RETURN path, length(path)
ORDER BY length(path)
Conversation Path Finding
Discover how topics connect across conversations:
// Find shortest path between two topics
MATCH path=shortestPath(
(topic1:MessageNode {content: "Python async"})-[:SYNAPSE*]-(topic2:MessageNode {content: "Error handling"})
)
RETURN path
Synapse-Based Recommendations
Use synapse networks to suggest related topics:
# Find related discussions
reservoir search --link --semantic "current topic"
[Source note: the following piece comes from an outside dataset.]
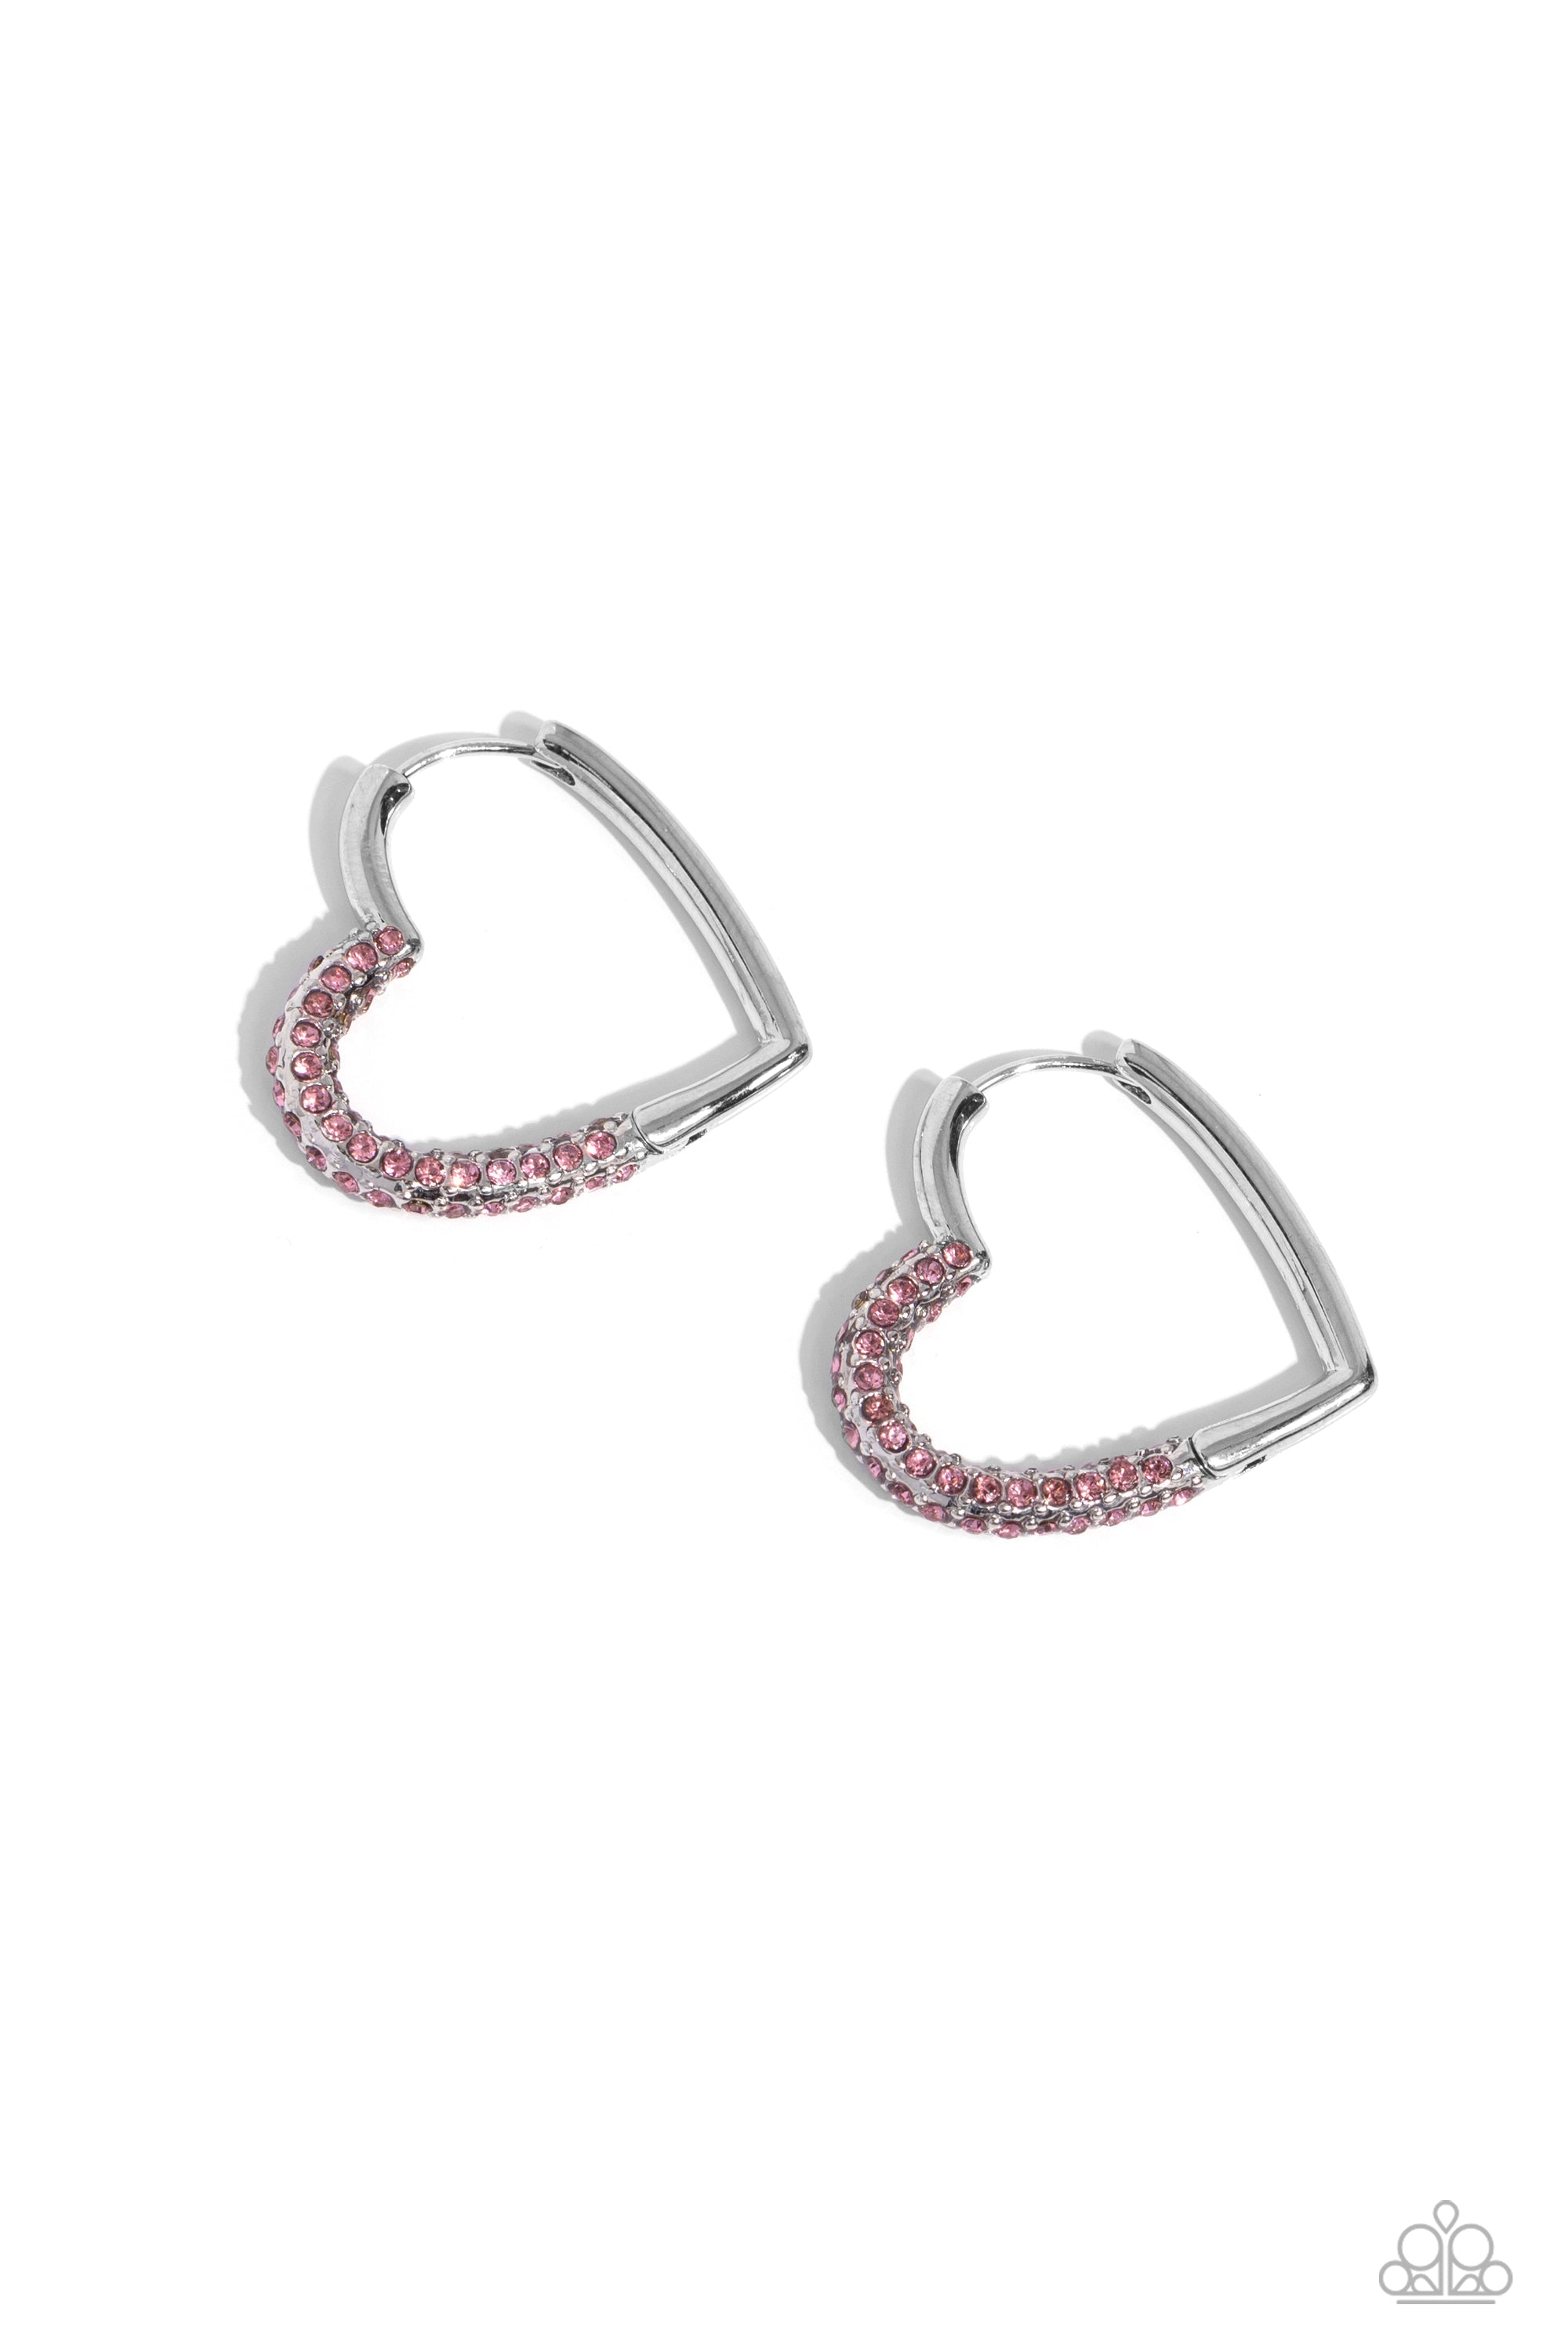 Be Mine, Valentine? Pink Heart Hoop Earrings - Paparazzi Accessories- lightbox - CarasShop.com - $5 Jewelry by Cara Jewels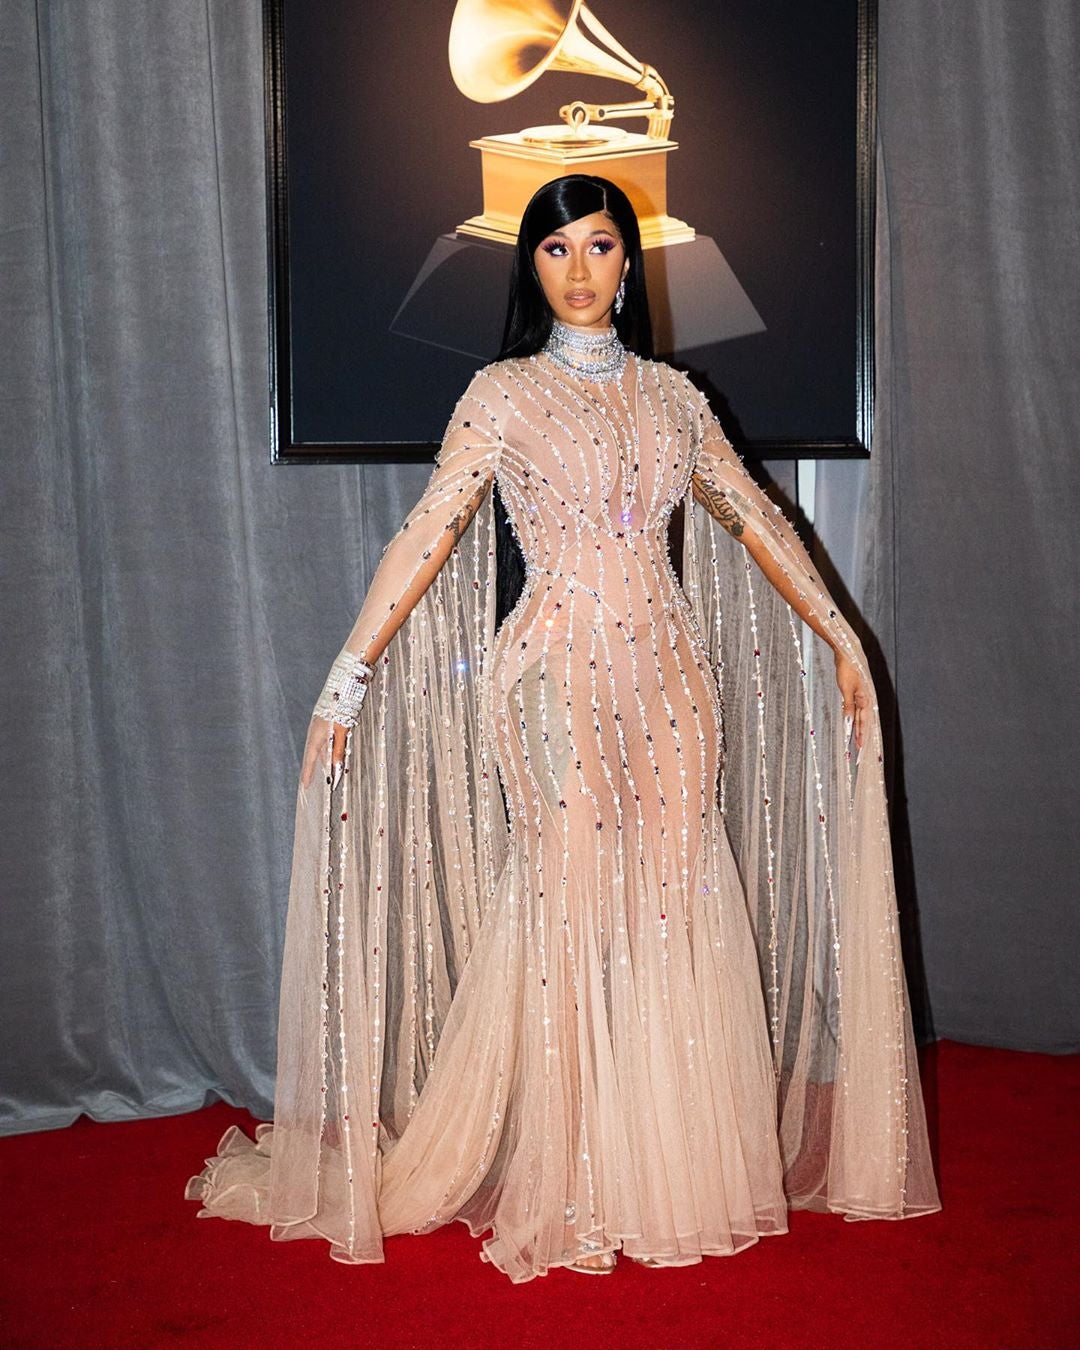 Cardi B Skipped The Grammys Red Carpet But Here's Her Look

# Or get synapse-connected messages directly
echo "What related topics should I explore?" | reservoir ingest
# Context will include synapse-connected discussions
Troubleshooting Synapses
Common Issues
- Too Many Synapses: Lower the similarity threshold
- Too Few Synapses: Check embedding quality and threshold
- Irrelevant Connections: Review similarity calculation method
- Performance Issues: Implement batch processing
Diagnostic Commands
# View synapse statistics
reservoir export | jq '[.[] | select(.role=="user")] | length'
# Check similarity scores distribution
# (Requires Neo4j query access)
Synapse Replay
Rebuild synapse network when needed:
# Replay embeddings and rebuild synapses
reservoir replay
# This will:
# 1. Recalculate embeddings for all messages
# 2. Rebuild synapse relationships
# 3. Update similarity scores
# 4. Prune weak connections
Future Enhancements
Planned Features
- Weighted Synapses: Consider recency and conversation importance
- Topic-Aware Synapses: Enhanced similarity based on topic detection
- Hierarchical Synapses: Multi-level relationship strengths
- Synapse Analytics: Dashboard for network visualization
Customization Options
- Custom Similarity Functions: Beyond cosine similarity
- Domain-Specific Models: Specialized embeddings for specific fields
- User-Defined Thresholds: Per-partition similarity thresholds
- Manual Synapse Management: User-controlled connection creation
Synapses transform Reservoir from a simple conversation store into an intelligent knowledge network that grows more valuable with each interaction, creating a personalized LLM assistant with genuine conversational memory.